Darrow leaned in close to her. "Don't ever put Linh at risk. Americans can get out of prison. If they put him away, there's nothing we can do. The South Vietnamese have their confession, and they'll stick by it."

"What about Ngan?" Helen said.

Darrow turned away.

The helicopter rose to tree level, and Helen tried to pick out their hut from the surrounding ones. Brokenhearted to leave, but especially with the villagers' fates uncertain. Impossible to find their hut, the thatched roofs quickly blending together, and soon they were too high even to be sure which hamlet was theirs among the infinite canals and rivers. Soon even the villages were indistinguishable from the dense vegetation and trees, the pattern of rice paddies making the view identical in every direction, the land closing up and becoming impenetrable once more.

The pilot turned around and yelled over his engine. "Want to go have a little fun?"

TEN
Thien Ha

Under Heaven

The day was a
perfect jewel, and long after Linh would remember it as the happiest day of his life. Neither too hot nor too cold. The sky a soft azure, unmarred by a single cloud; the white sand of the beach on fire in the sunlight. The helicopter pilot flipped off the switch for radio contact, hooked a sharp right, and came in low over the palm trees, creating a wind that raised the sand into small whorls, chopped the waves into emeralds at the ocean's edge.

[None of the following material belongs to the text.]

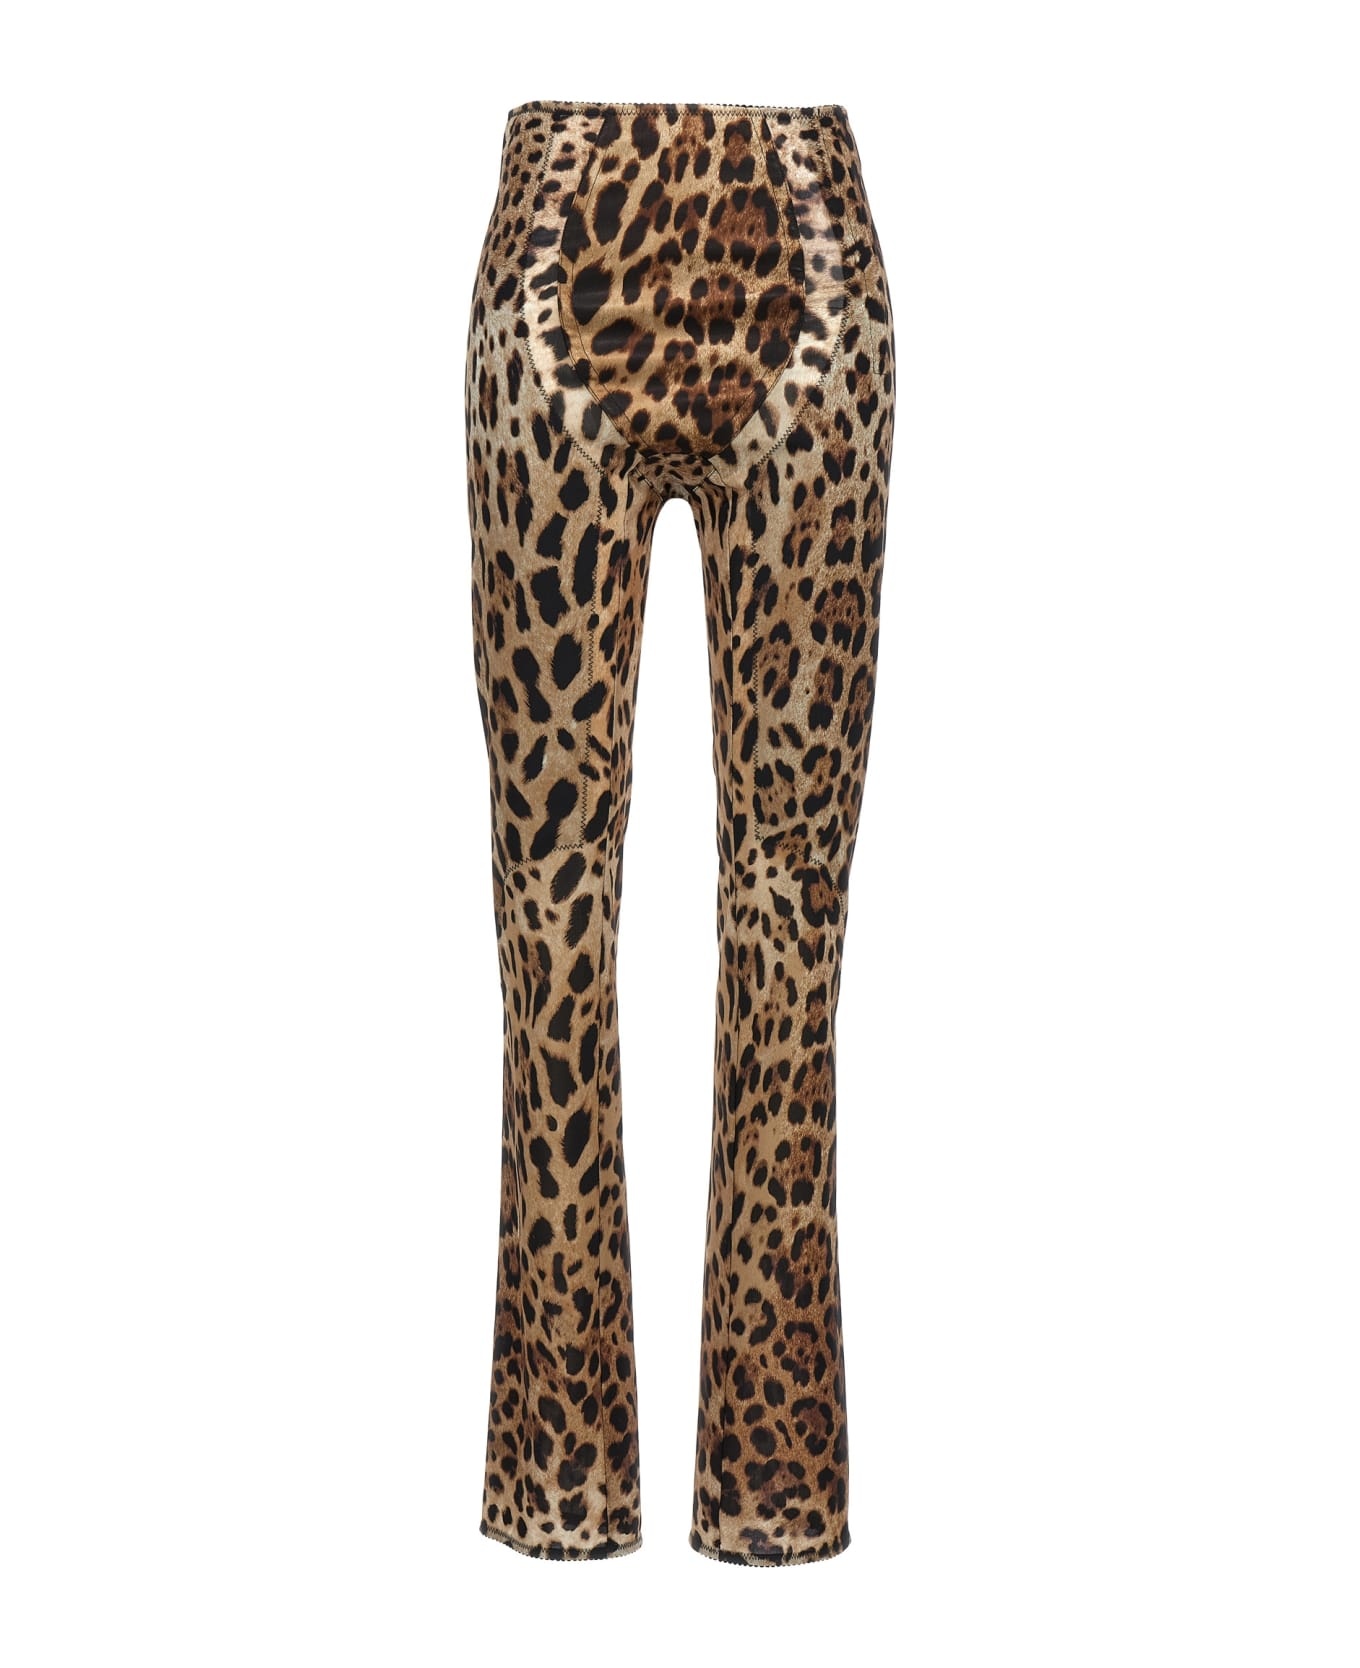 X Kim Leopard Pants - 1
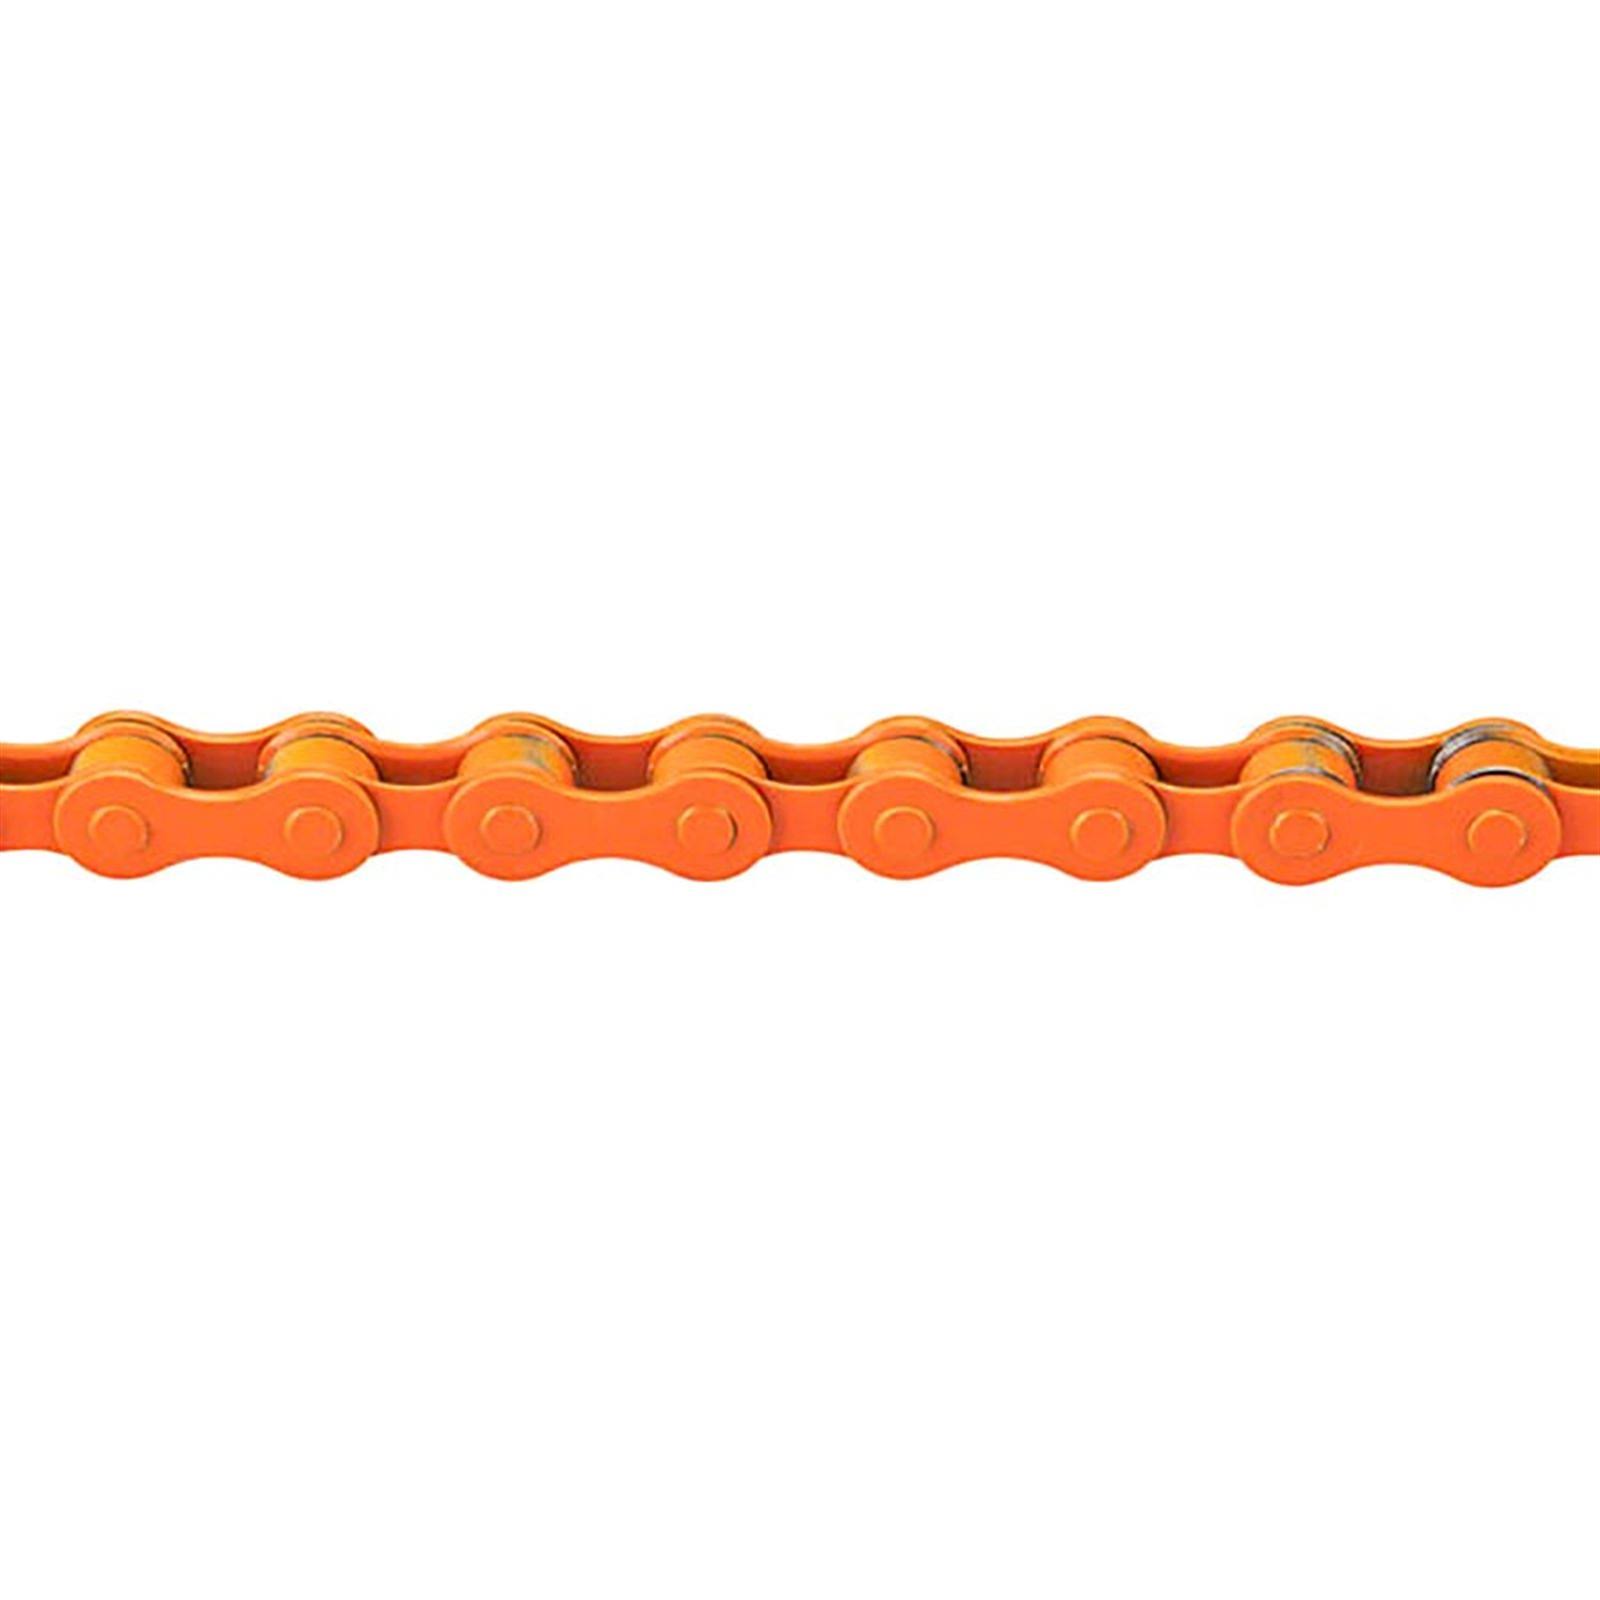 KMC S1 Chain 1/8" Orange

Half an hour later, Helen, Darrow, Linh, and the helicopter crew were seated in a beachside cafe in Vung Tau, the old Cap St. Jacques, drinking "33" beer and eating cracked crab. The proprietor, thrilled by his dollar-laden clients, had two tables with large blue-and-white striped umbrellas dragged out onto the sand. For the occasion, he even ran a greasy towel over the oilcloth tabletop. When they ordered more beer, a small boy dug around in a trash can filled with ice that housed both the bottles and that day's catch. As the meal went on, orange-pink splintered shells formed a jagged reef around the table.

After lunch Darrow set up a chess set and played Linh while the helicopter crew ran touch football on the beach, recruiting the local boys, who kept running off with the ball. One of the men turned on AFVN radio.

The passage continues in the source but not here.